King's letter, which set Friday as the deadline to respond, was poorly received by other schools as well. Stanford University, Georgia Institute of Technology, Princeton University and the University of North Carolina, Chapel Hill, among others, turned down his request for similar reasons.
"Stanford is unaware of any requirement that it invade and monitor specific usage by its faculty, students and staff of such online services and network access, and you have provided no authority for such a requirement," said William Abrams, an attorney representing the school.
School representatives said their institutions did not condone copyright infringement and would investigate and address specific instances of such illegal activity if made aware of them.
In April, King filed suit against Napster. Yale University, the University of Southern California and Indiana University were named as co-defendants. All three blocked network access to Napster at King's behest.
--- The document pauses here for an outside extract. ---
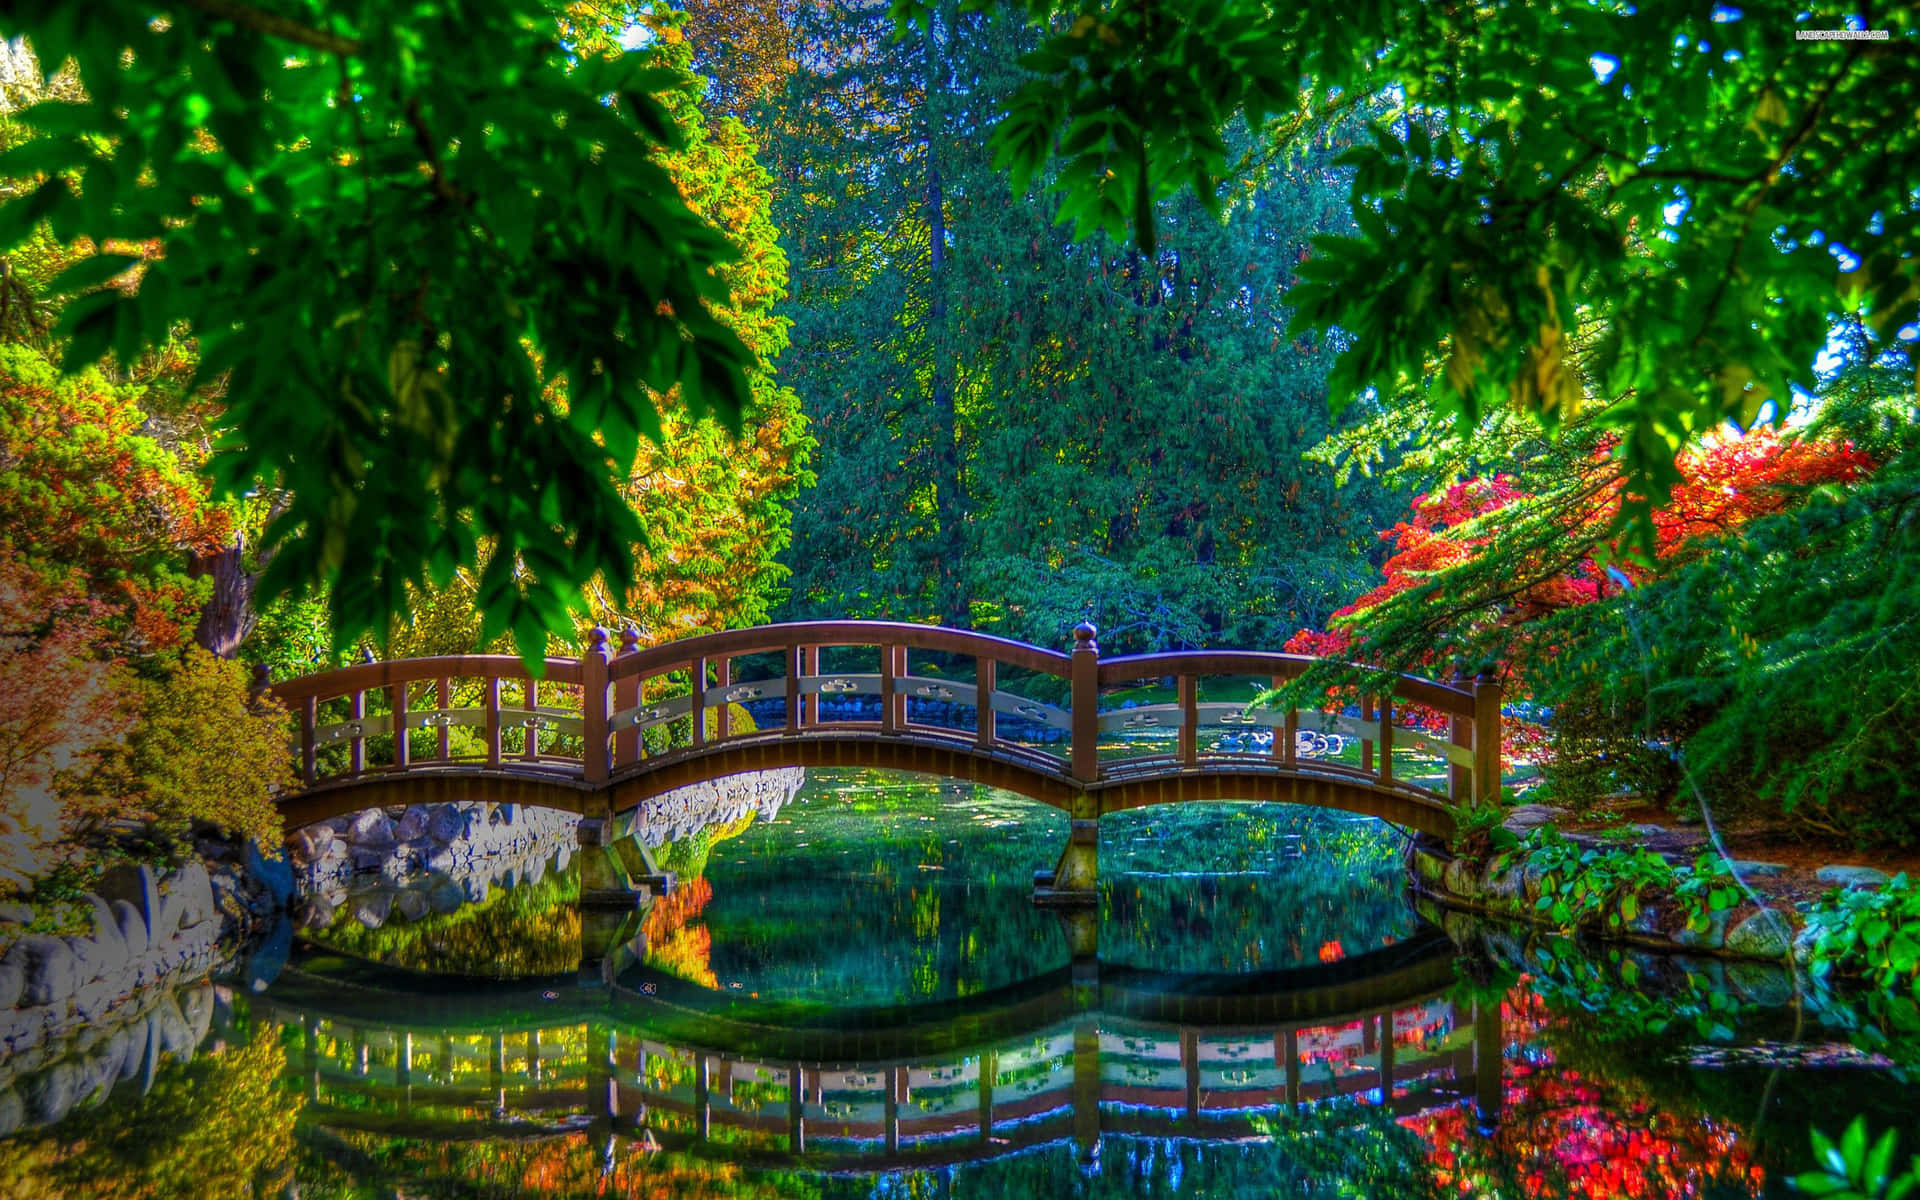 A Wooden Bridge Surrounded By Green Trees And Flowers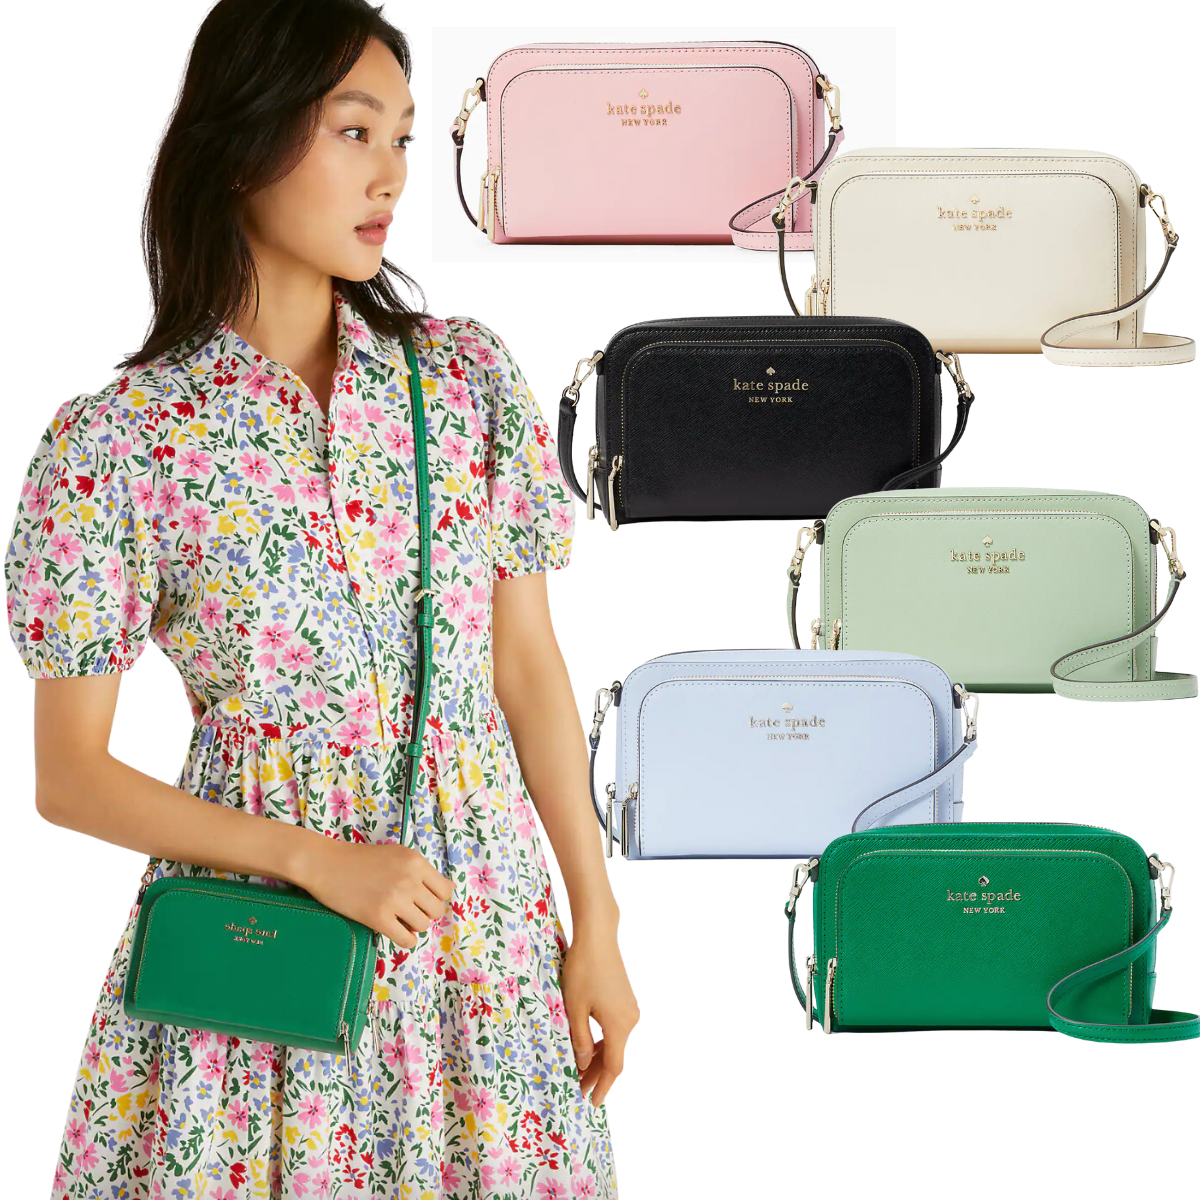 Kate Spade 24-Hour Deal: This $300 Crossbody Bag Is On Sale for $65

King expressed disappointment with the response this week from other universities.
"I thought it was morally, legally and ethically the right thing to do, given their supposed appreciation of intellectual property and intellectual property owners," he said.
The Record Industry Association of America, representing some of the world's largest record labels, has filed suit against Napster as well. Opening arguments in the case are scheduled in the U.S. Court of Appeals in San Francisco on October 2.